◆ SUPPLIED INFORMATION

"""

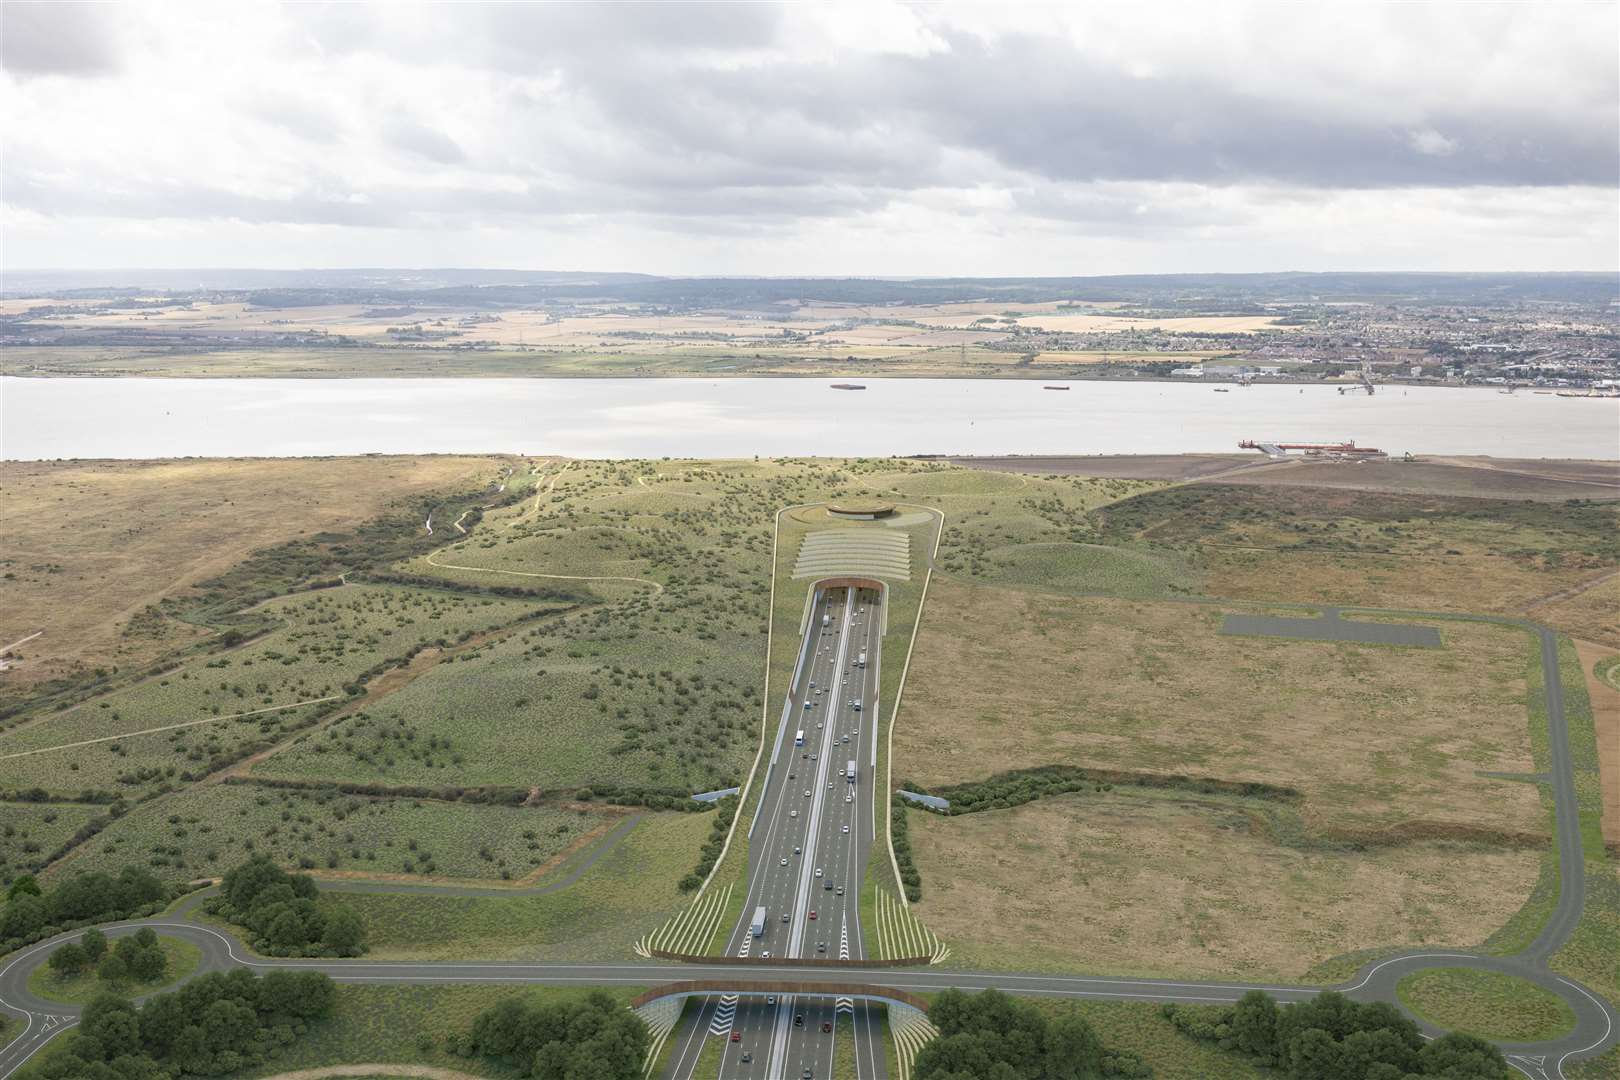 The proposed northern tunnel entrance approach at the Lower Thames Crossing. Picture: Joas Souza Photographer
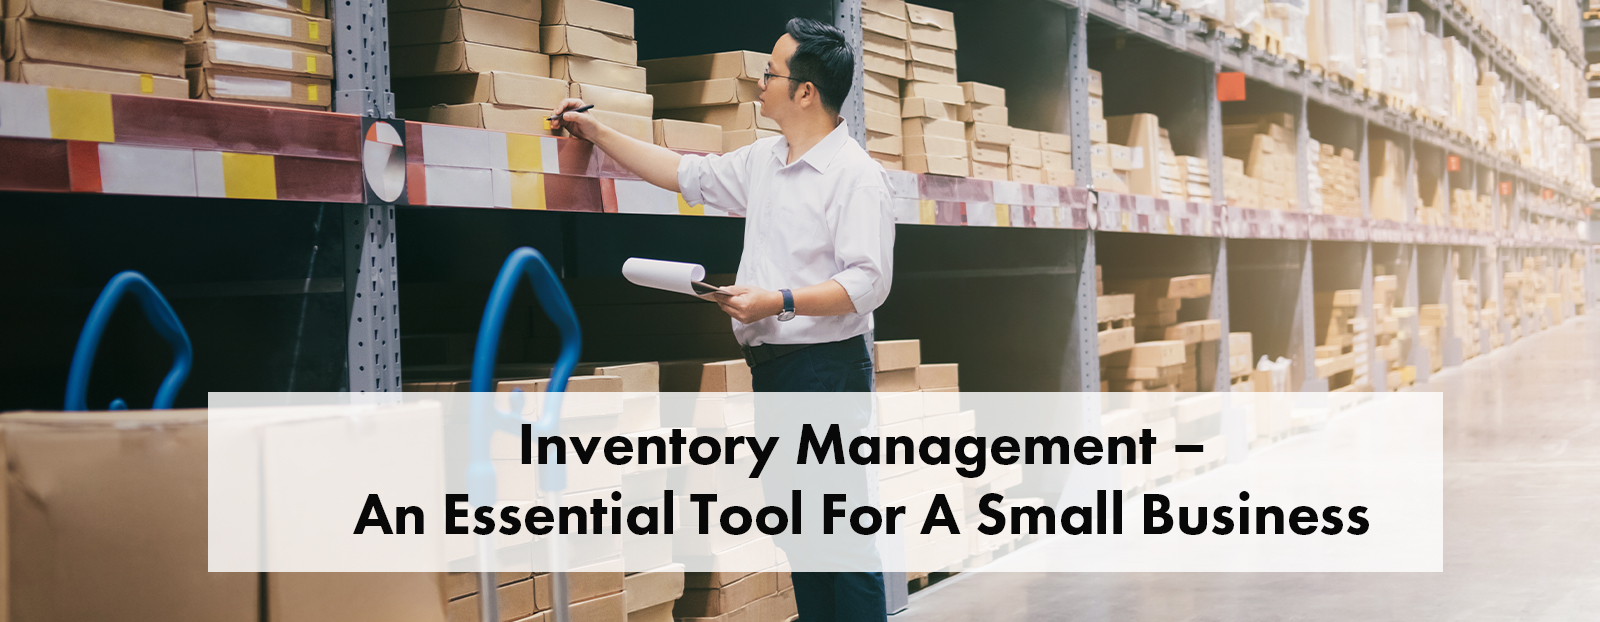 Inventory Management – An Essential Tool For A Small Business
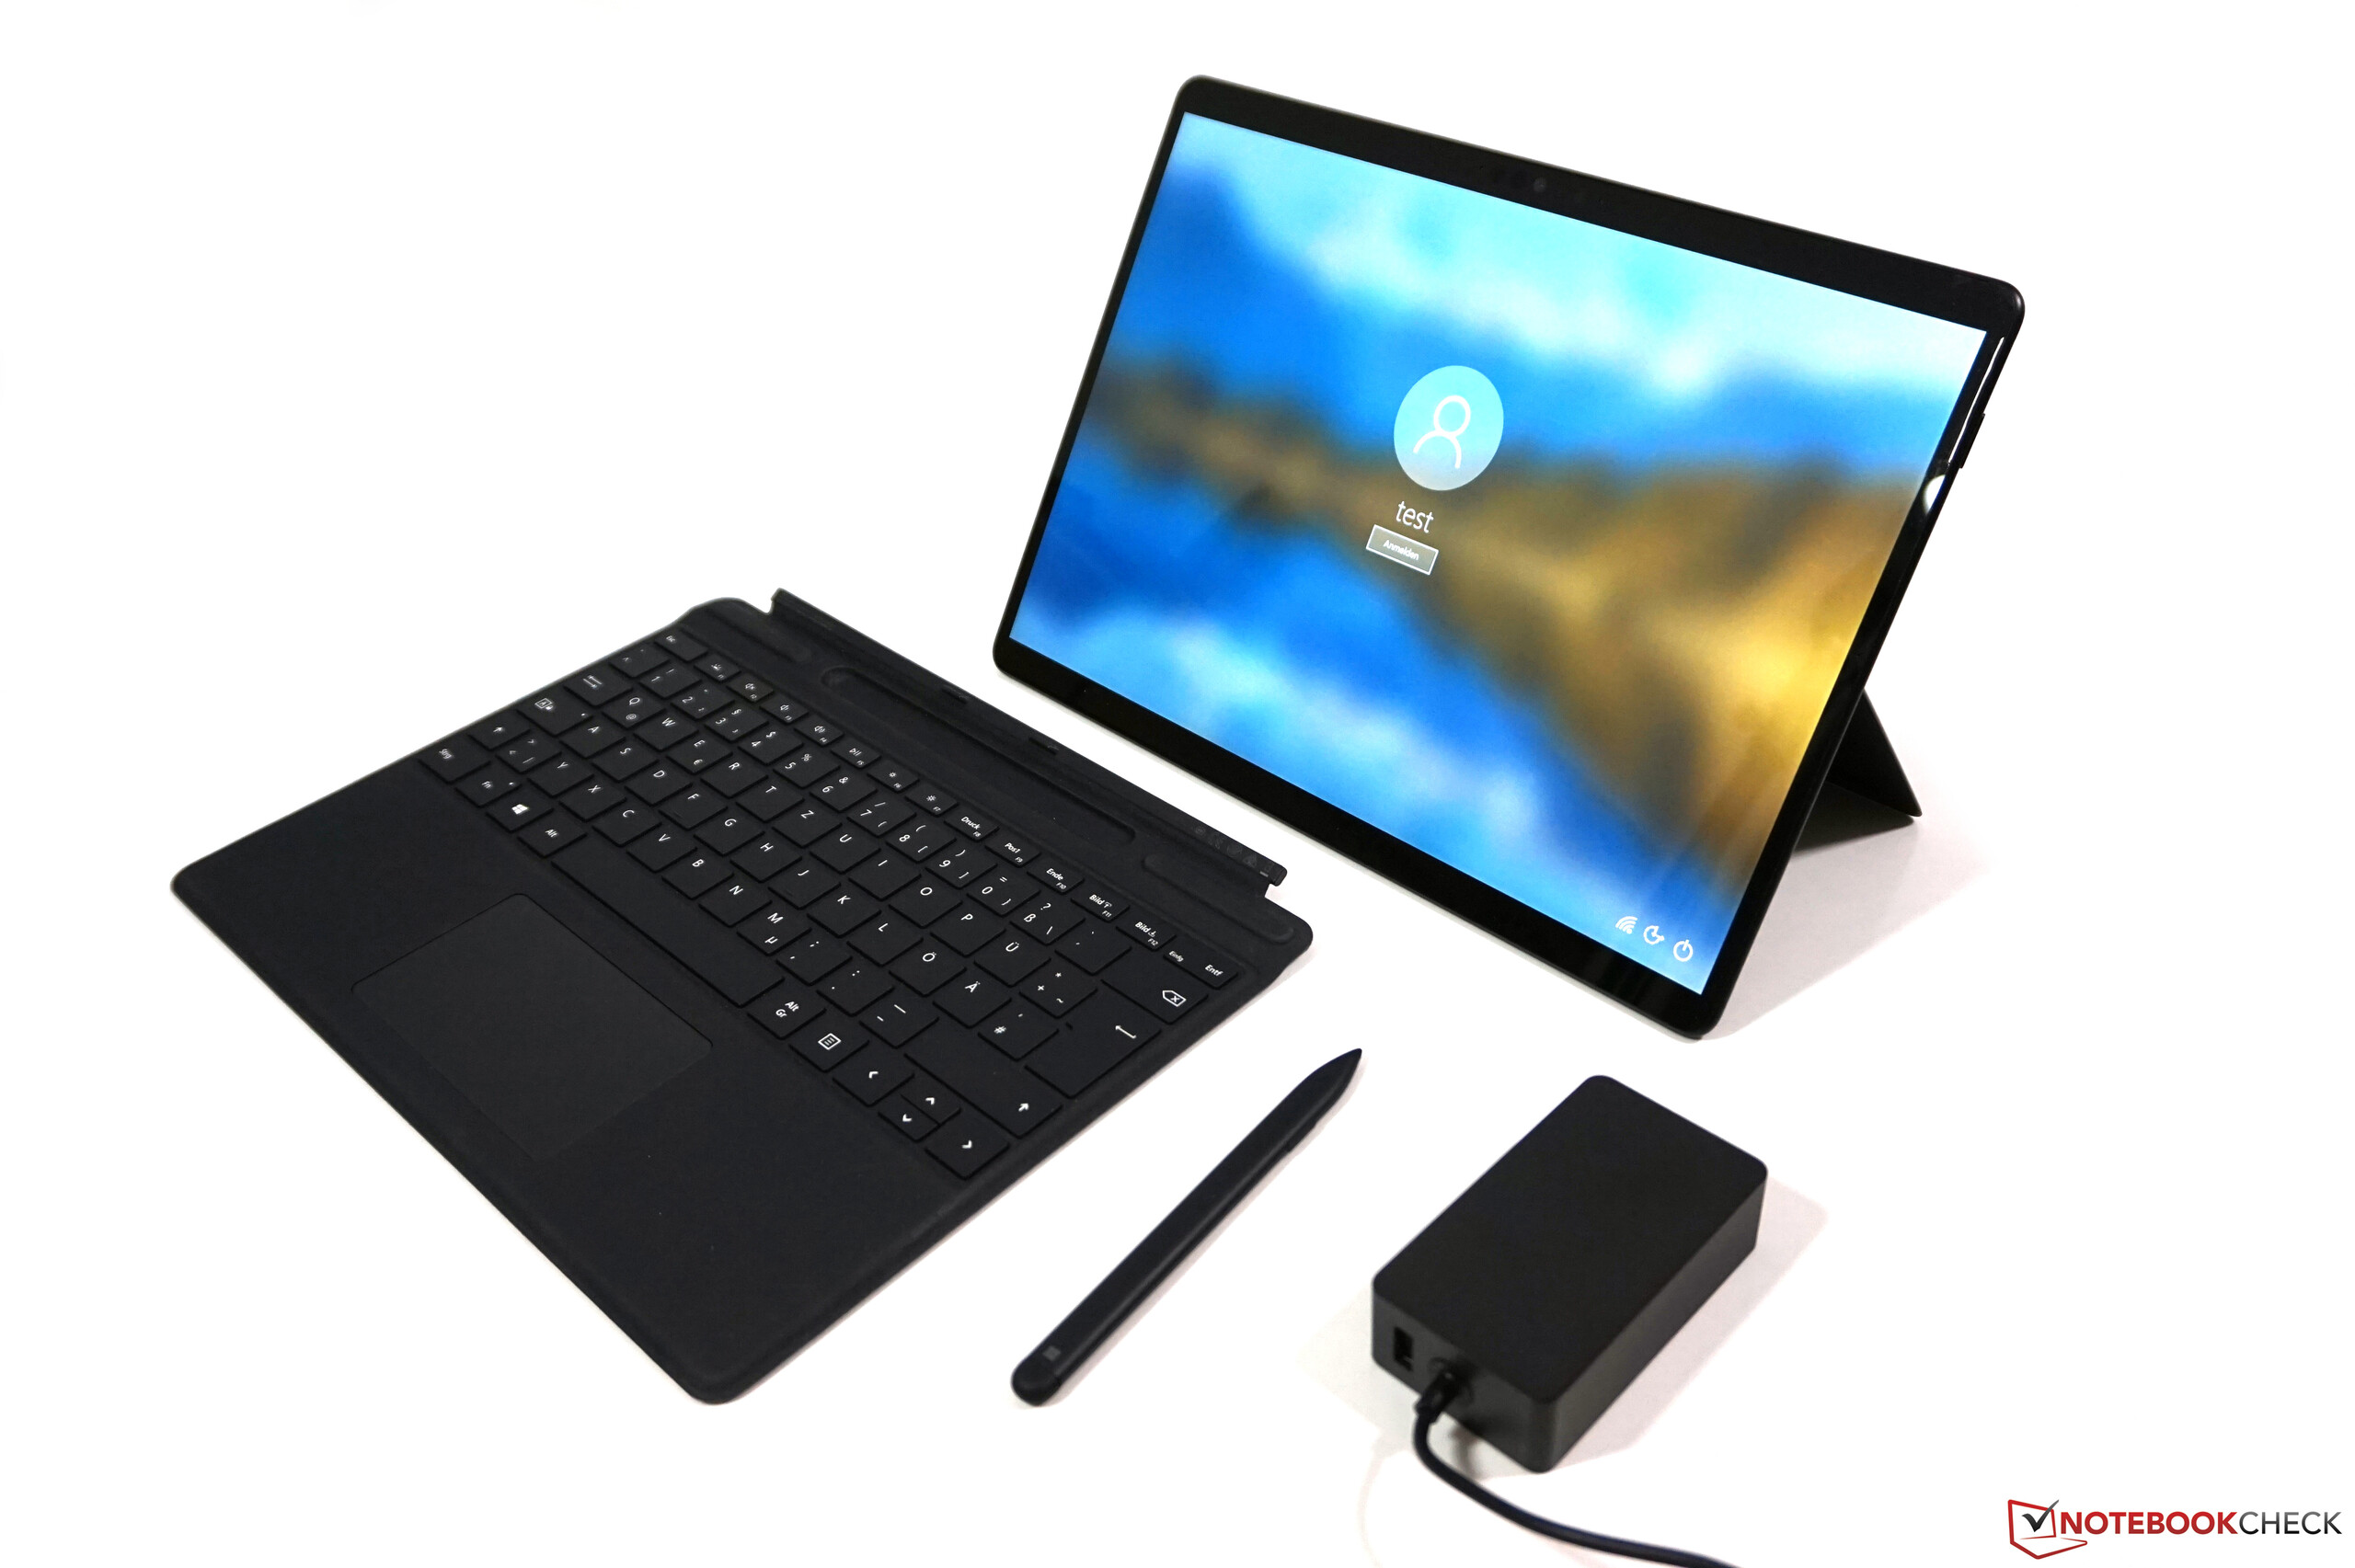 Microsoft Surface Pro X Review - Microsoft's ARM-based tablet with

"""

Pictures stay out. Return exactly the lines from the one with "Inventory Management –" through the last line of the data.

 Inventory Management – An Essential Tool For A Small Business
 Microsoft Surface Pro X Review - Microsoft's ARM-based tablet with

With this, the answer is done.